See I hated dance. I hated leotards and tights. I hated the princess mentality of my fellow dance students. I hated the discipline and control of the teachers. The only style of dance I did like was clog dance. It was loud, irreverent, allowed you to yell out on stage “EeeOoo” and the fluffy slips under the puffy skirts were fun to twirl in. Against type, I actually went on to compete in clogging competitions. I won a silver medal with a broken foot at one point, but at the end of the day, I still hated dance.
I had no aspirations of becoming a dancer. A roller skater like Olivia Newton John in Xanadu, yes, but a dancer, a ballerina, a cheerleader, even a clogger—N-O! I held strongly to my “I don’t dance” position and avoided all forms of it where humanly possible-unless, of course, it was a slow dance in the arms of a cute boy, and all I had to do was hold on and move in a circle.
Fast forward to a year ago when my daughter begs me to sign her up for dance classes. Just because I don’t feel comfortable dancing doesn’t mean I don’t love watching dancers. The movie “Footloose” was filmed a short distance from my college, the Osmonds were from my hometown, my closest friends were all cheerleaders and drill team members. Dance was all around me. It just wasn’t in me, and now I had a daughter begging for dance class. Could I handle being a “dance mom”?
As I write this my darling daughter is sleeping in her ballet shoes. I tried to get them off her. She woke up and told me she needs them on for good dreams. Who thinks that way? Apparently, she does.
Dance is in her. It finds its way out in the aisles of the grocery store, waiting for me at the dentist’s office, even at a friend’s pool party in the swimming pool. My girl must release the dance inside her. I’ve seen her dance to the music of her snow globe collection when she’s been sent to clean up. She choreographs pieces and then teaches them to her siblings who don’t always cooperate the way she’d like. But the most telling sign of the dance inside her is that she tells everyone she meets that she is “a dancer”. My daughter is my fear incarnate.
Yet, I’m overcoming my fear through her need to express herself through movement, and I see now that what I do through written words she does through rythm and positions. Dance makes her feel happy. Who doesn’t want to have their children happy?
We found a dance studio that fosters friendships over competition and technique over placements. I would never let my child dance for the devil on the dance show aforementioned. I can not see myself as a competitor against other dancer’s mothers. All of that is nonsense to me, and while it might make for interesting television programming, I have zero need for the drama in my real life. At Sunshine Dance Studio in Orange County, New York, my sweet girl has found a sense of self, a group of friends, and an outlet for her artistic expression.

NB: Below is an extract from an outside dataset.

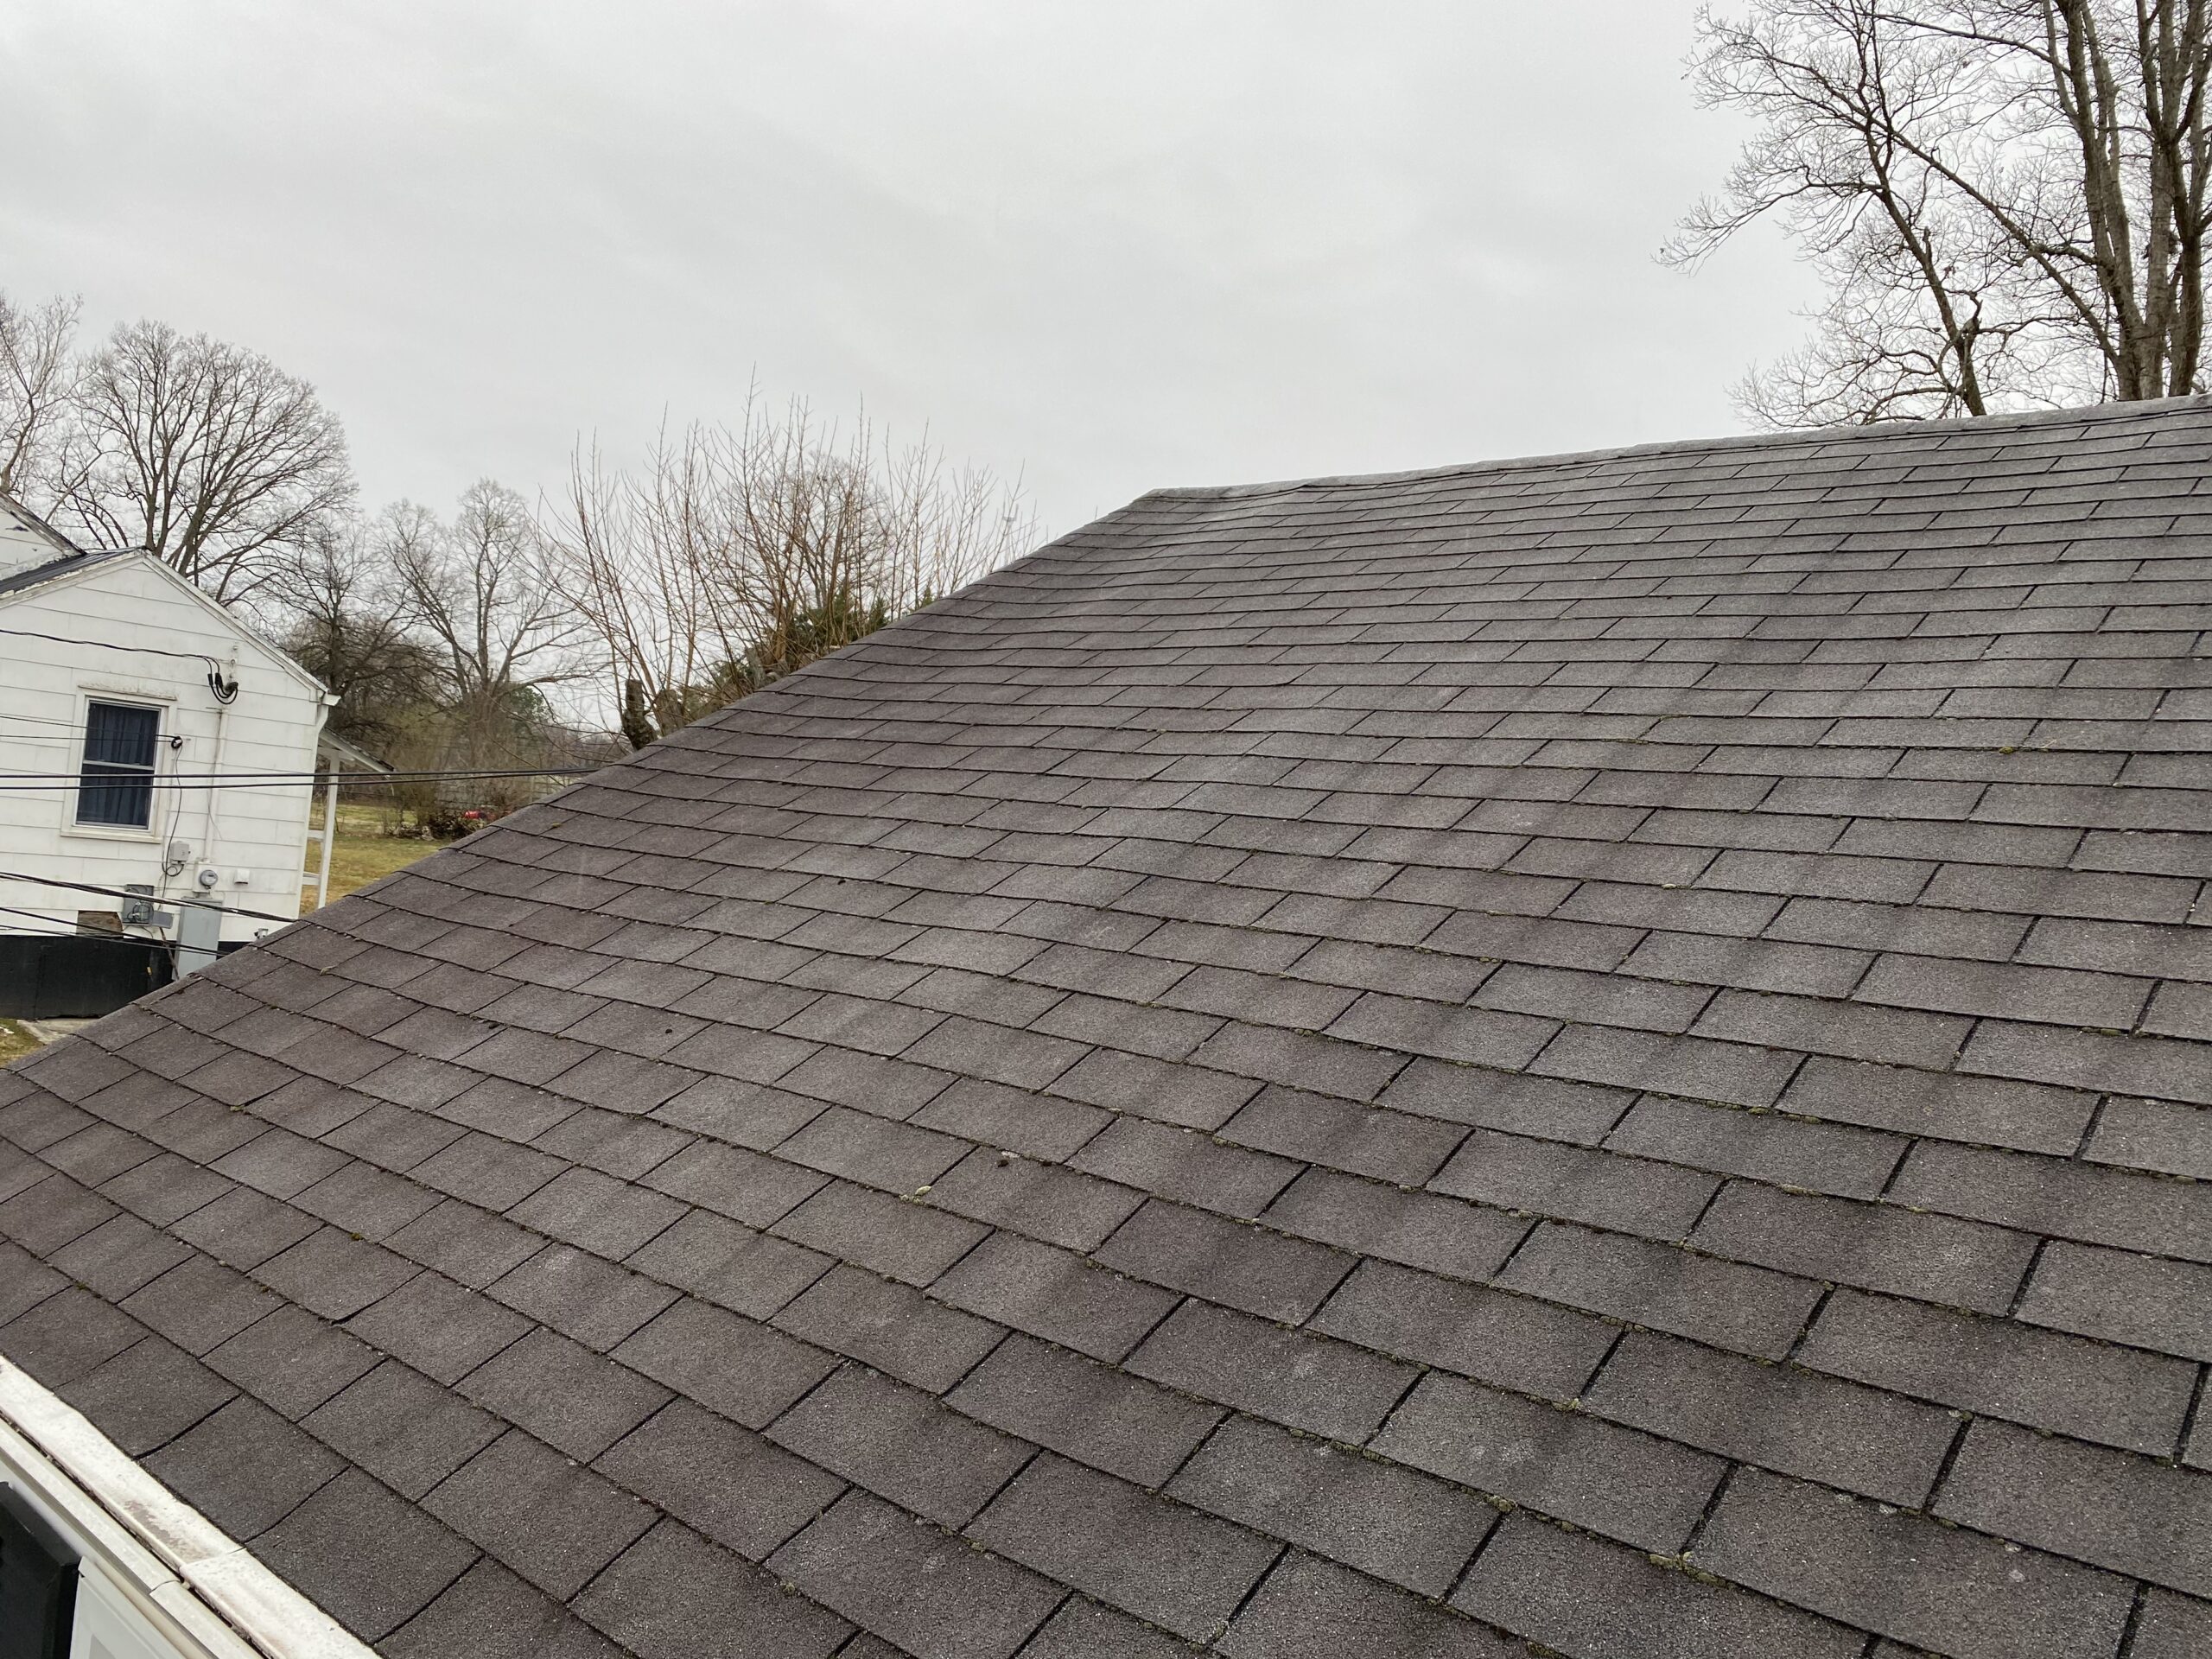 This is a picture of an old gray three tab roof
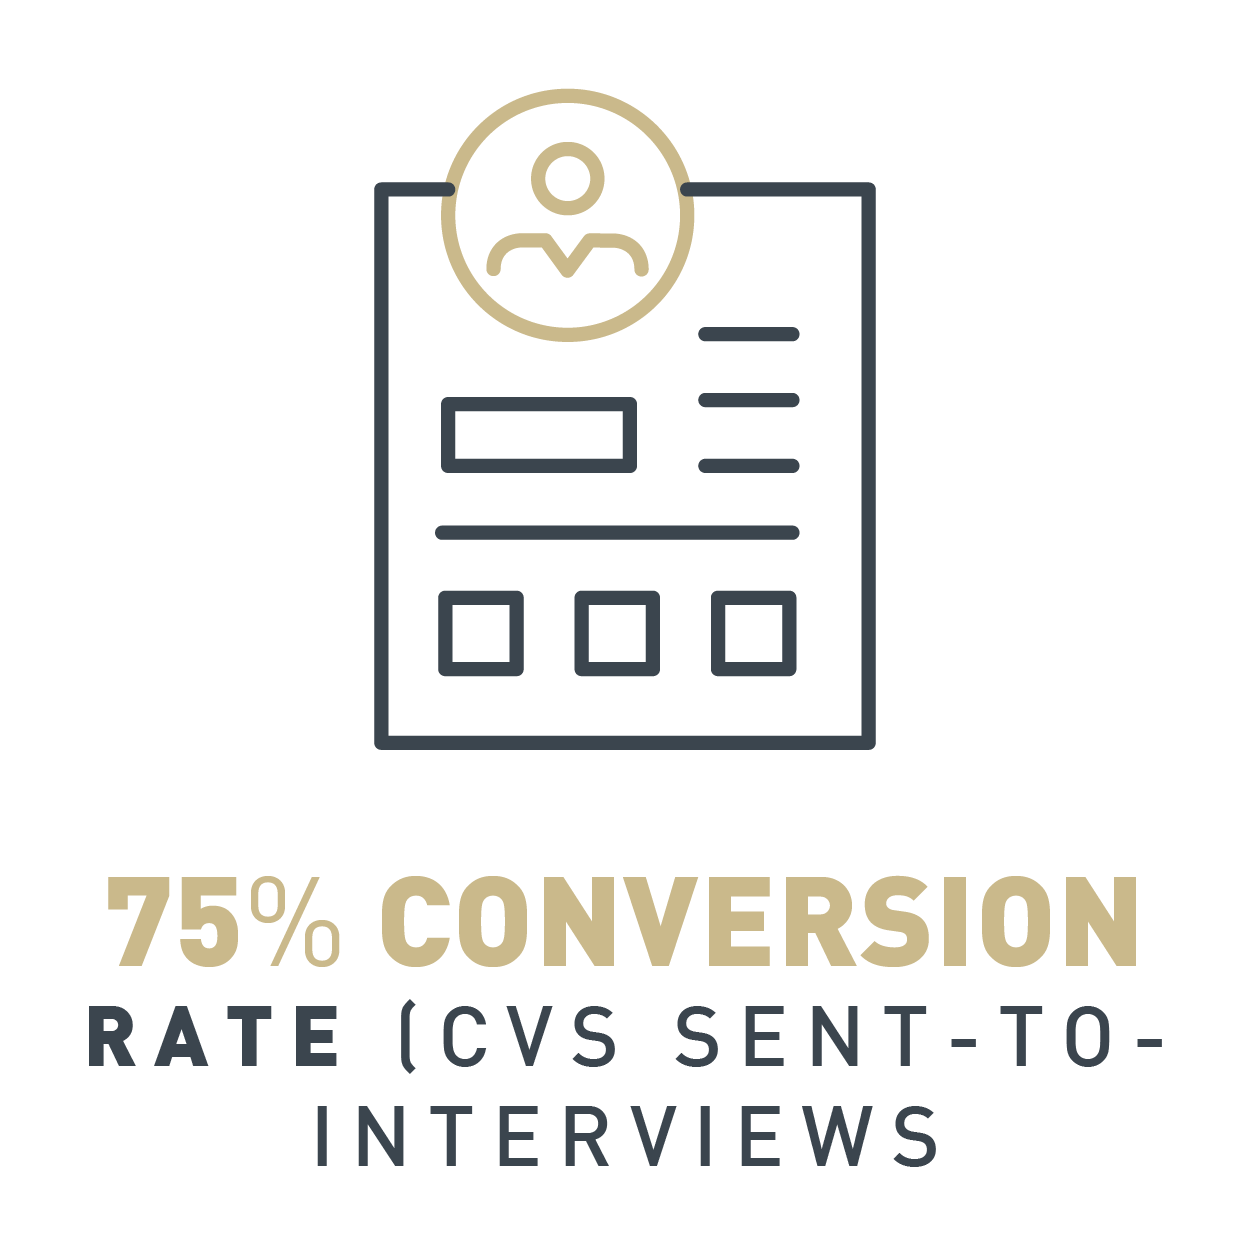 75% conversion rate for the CV's that were sent to interviews

The May recital was semi-professional. A student from the studio has gone on to receive scholarships to Alvin Ailey and acceptance at The Performing Arts High School in NYC. The head instructor herself attended this school and danced for Alvin Ailey. Yet, instead of competition the atmosphere is one of acceptance and camraderie. The moms talk outside of class, and there isn’t a feeling of one-up-mom-ship. It’s actually been enjoyable, and my fear is diminishing.
Through the studio, my daughter has made friends with older and younger dancers. She admires and looks up to the older girls, and she likes mentoring and modeling for the younger ones. She enjoys wearing her sunshine apparel outside of the studio as it gives her a sense of belonging, and she talks nonstop about dance and “her studio” and tells everyone she meets they should join. It isn’t an elitist feeling she has about the studio, and for that I’m grateful.
Her closest friend at dance is a student who has had some special educational needs. In knowing this little girl, I never would have guessed she had struggled. Her mother has shared with me that dance as well as Tae Kwon Do have helped her daughter overcome both Speech issues and social shyness. My daughter loves her daughter and looks forward to dance classes because she knows she’ll see her buddy.
It may be dance or martial arts or sports or writing, but I firmly believe that children need to find something that they enjoy early in life in order to foster their feelings of self-efficacy and esteem. I’ve seen what dancing does for my daughter. Dance helps her define herself. I’ve seen what Tae Kwon Do has done for her close friend–she has found her voice and become a leader.
Dance is now a priority in our lives. Yes, school is very important and we won’t allow our daughter to slack off academically, but dance classes are equally as important as Literacy and Math. Whether she decides to dance professionally or only as a hobby she will have the support she needs to accomplish what is best for her regardless of the cost. Finding your passion at six-years-old is priceless.
I’m overcoming my prejudices toward dance and dancers slowly but steadily with every arabesque and every wave of her best jazz hands. I’m open to her expressing herself in ways I continue to find discomforting, and on occasion and in the privacy of our home I even let her teach me a thing or two. But, one thing I do know, you won’t be seeing us on any reality T.V. Shows!